> **WHAT IS REQUIRED**
After finding the line with "blank envelope with", restate it and each remaining line of the material word for word, omitting every picture.

> **EXERCISE DATA**
* * * * *
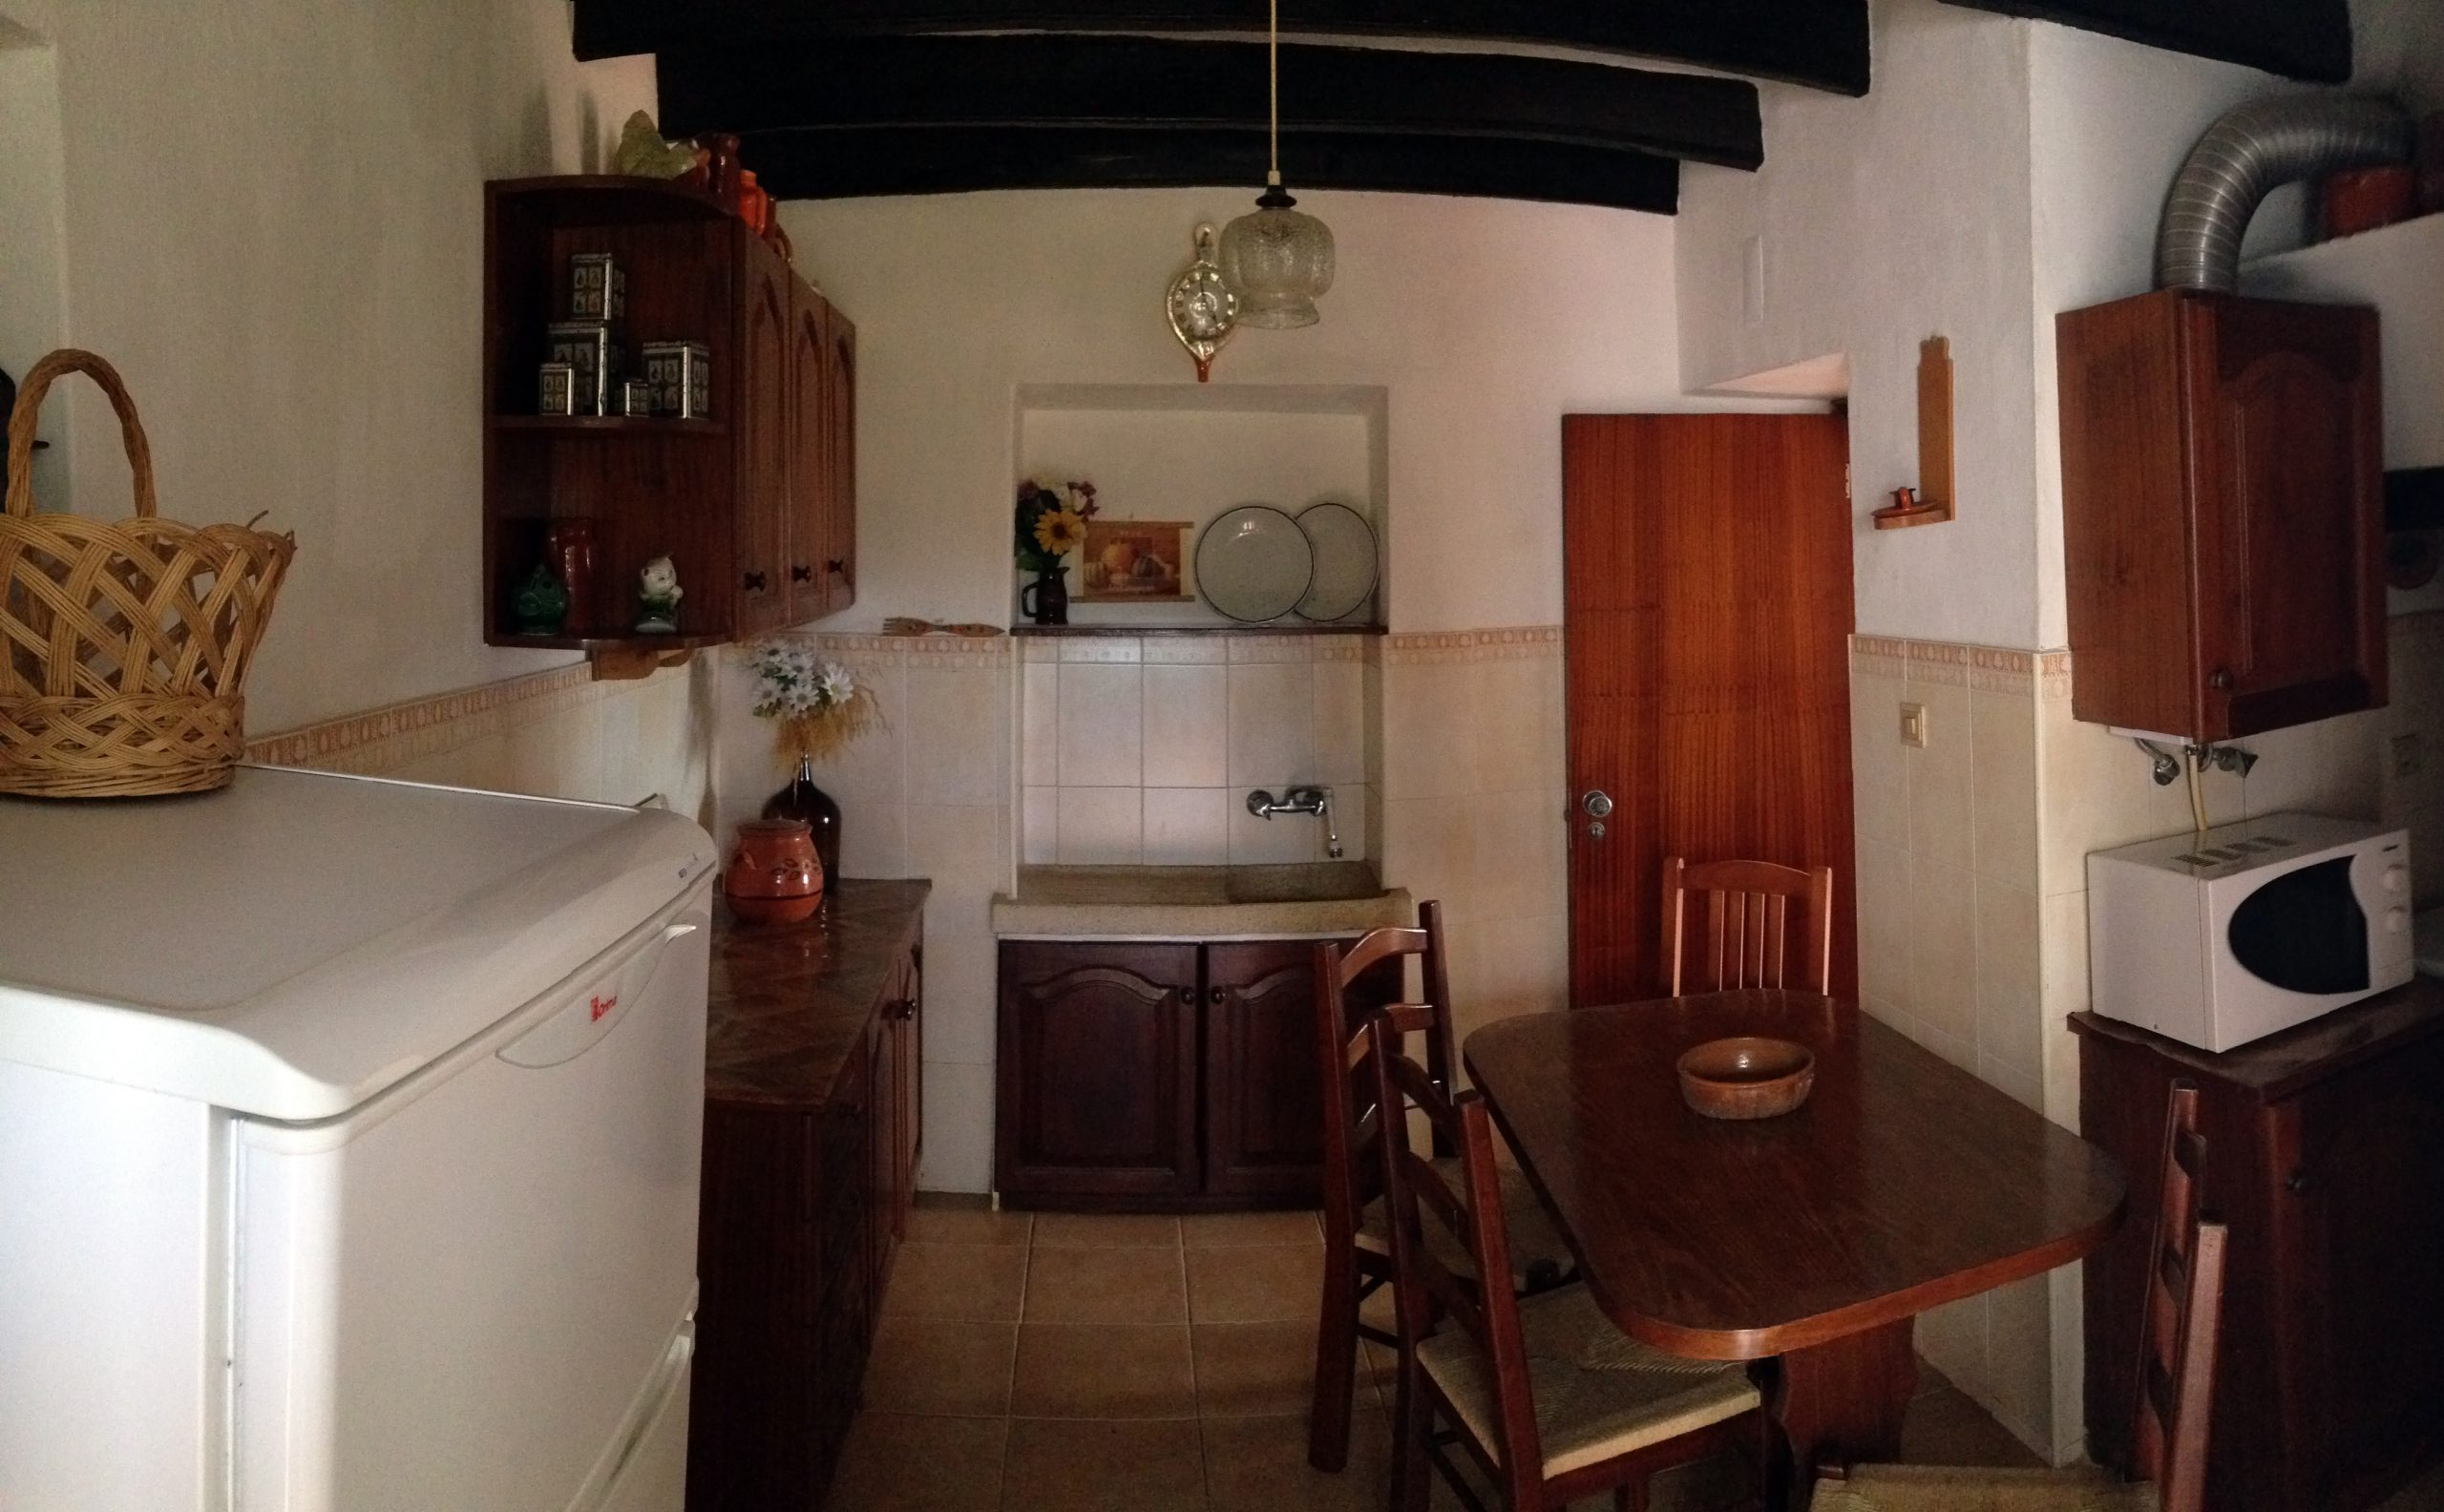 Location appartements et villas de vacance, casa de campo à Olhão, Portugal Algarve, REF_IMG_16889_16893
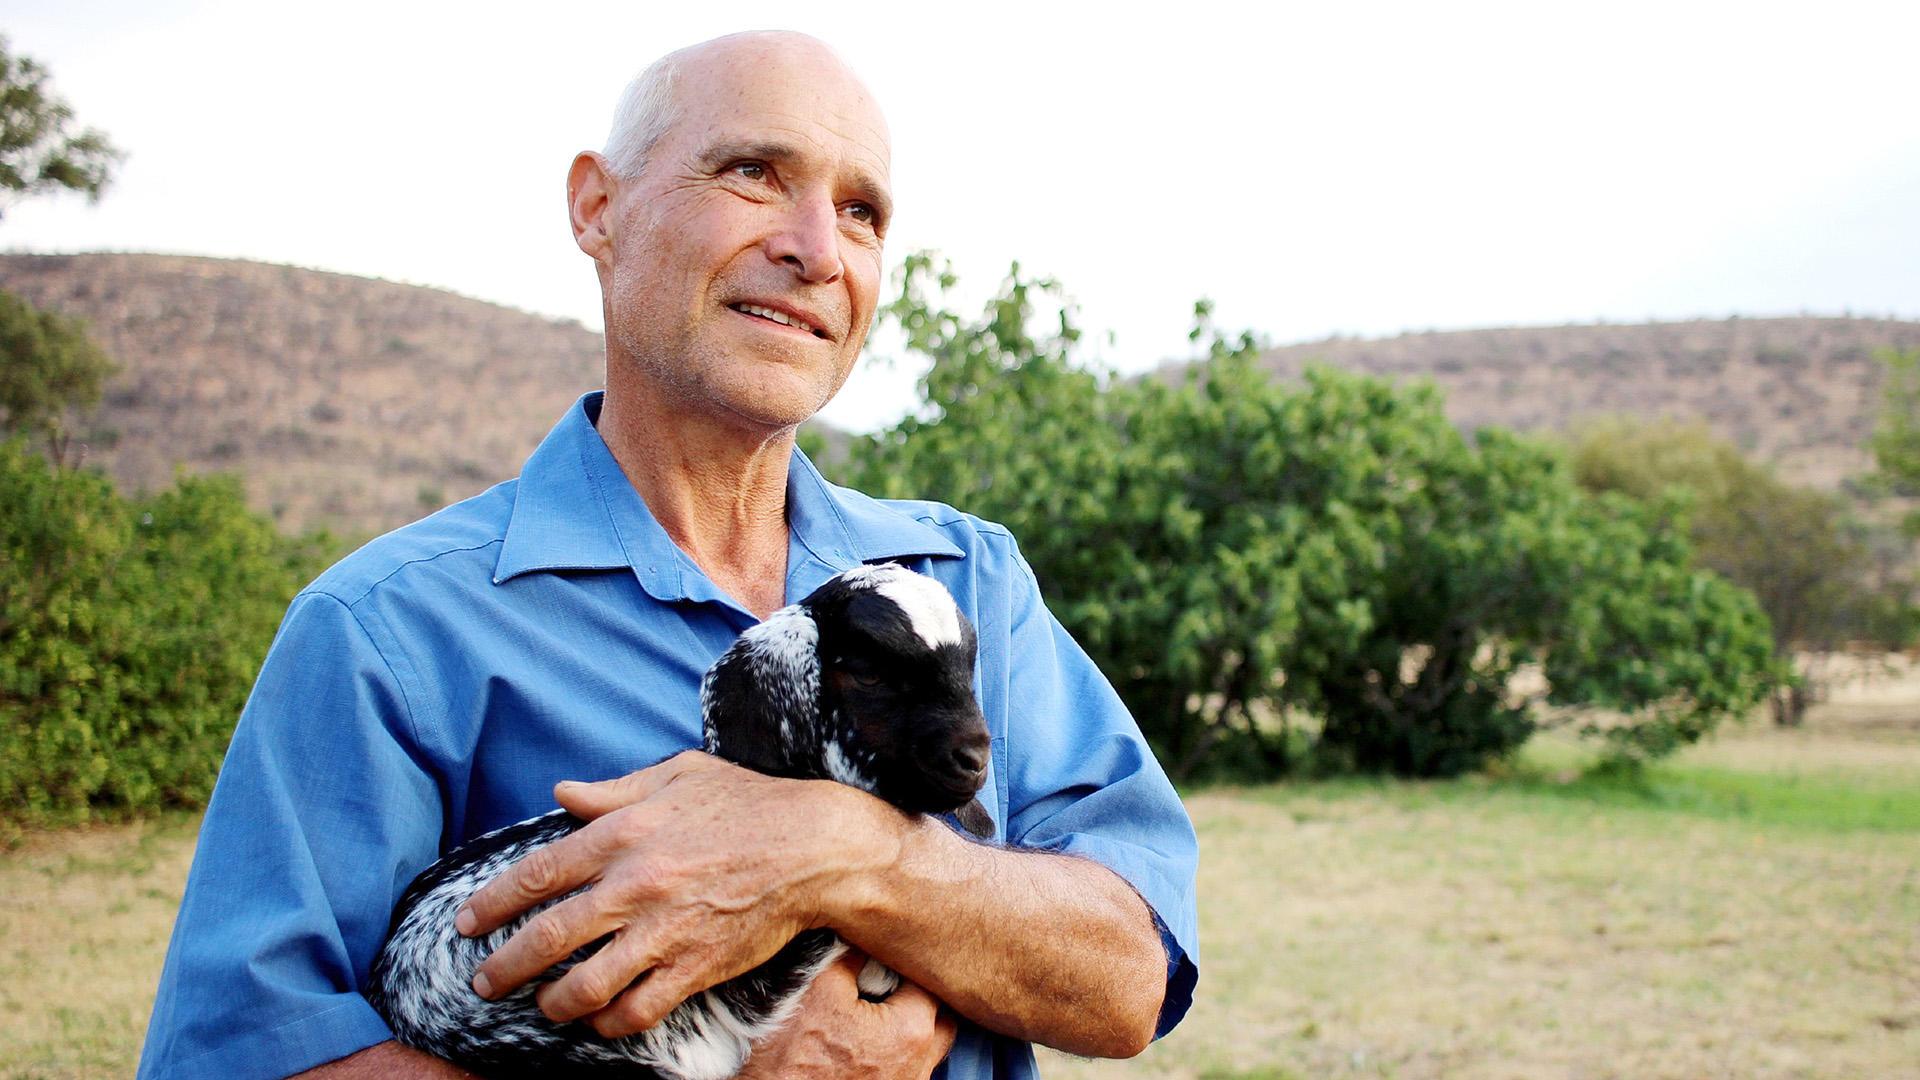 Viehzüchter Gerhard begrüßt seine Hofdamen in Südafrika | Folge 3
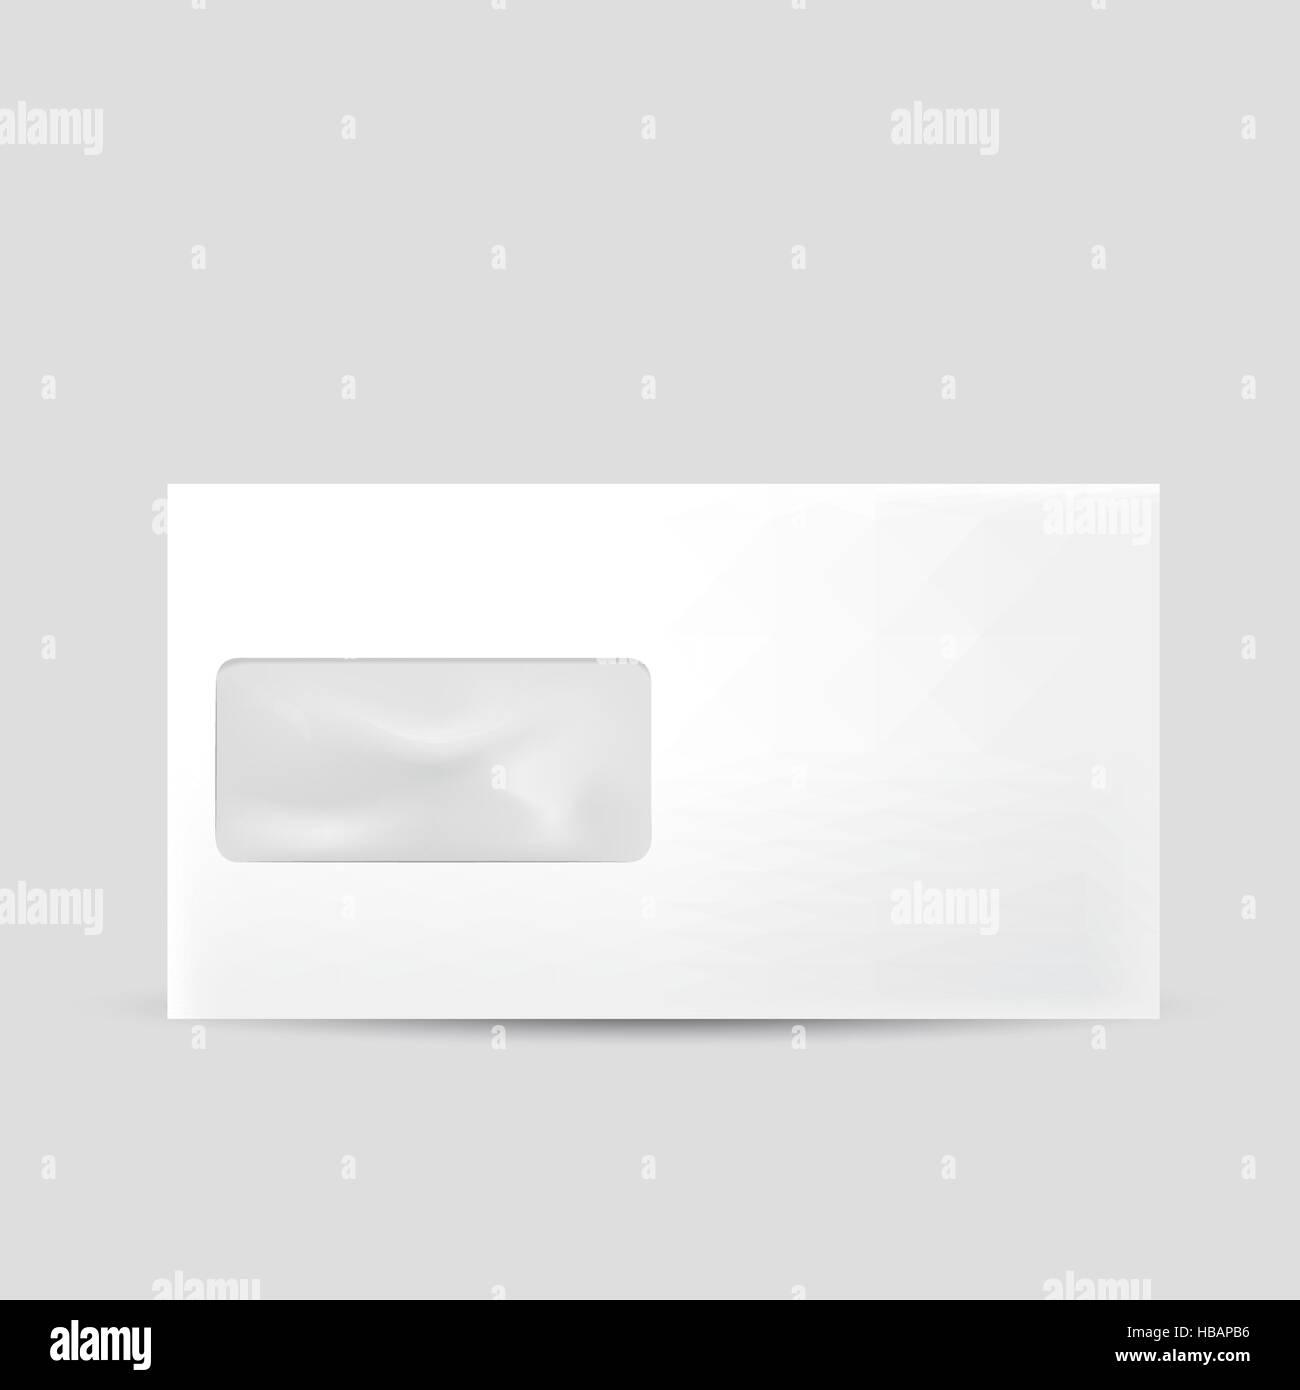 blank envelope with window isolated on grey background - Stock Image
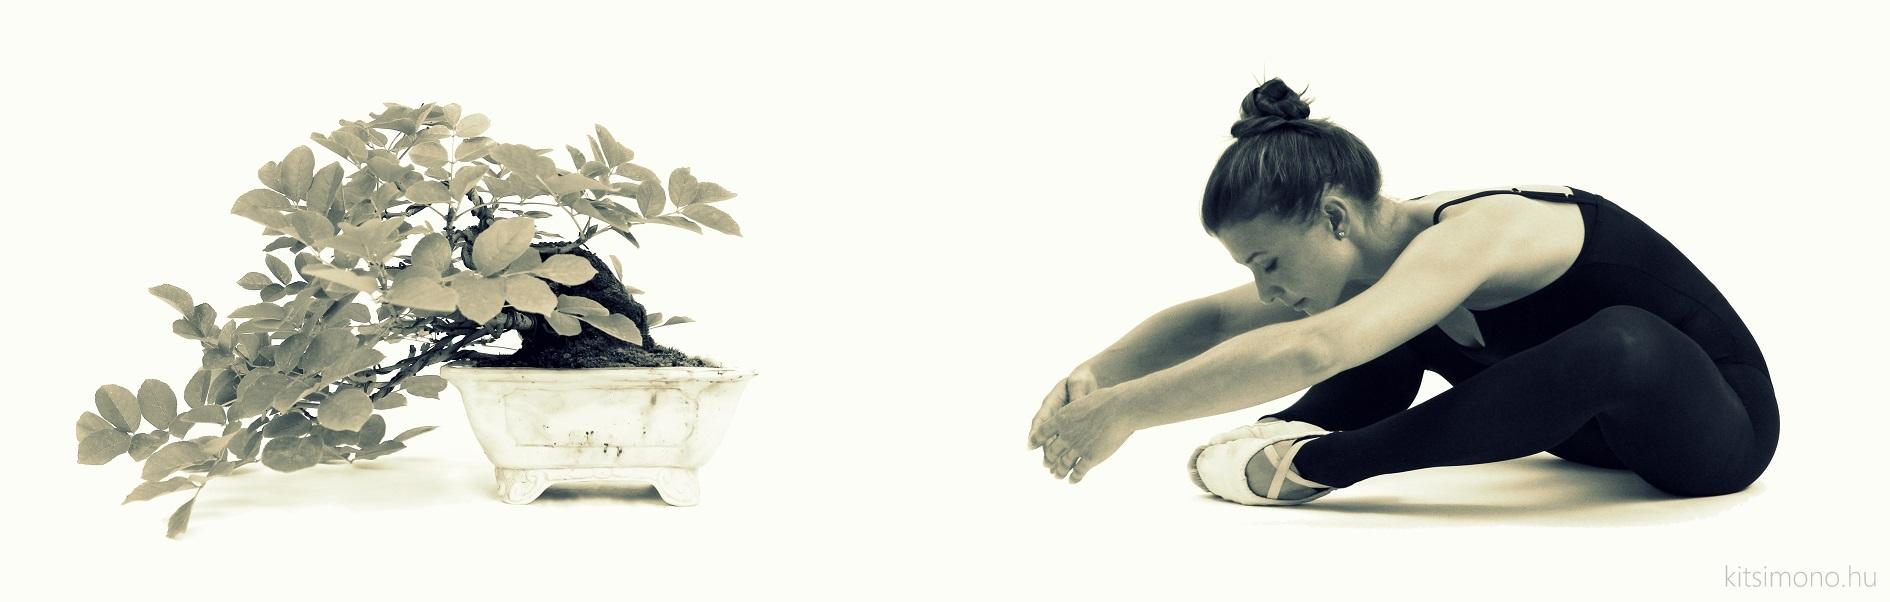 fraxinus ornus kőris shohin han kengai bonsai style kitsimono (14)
* * * * *
> **RESPONSE FOR THIS EXERCISE**
 blank envelope with window isolated on grey background - Stock Image
 fraxinus ornus kőris shohin han kengai bonsai style kitsimono (14)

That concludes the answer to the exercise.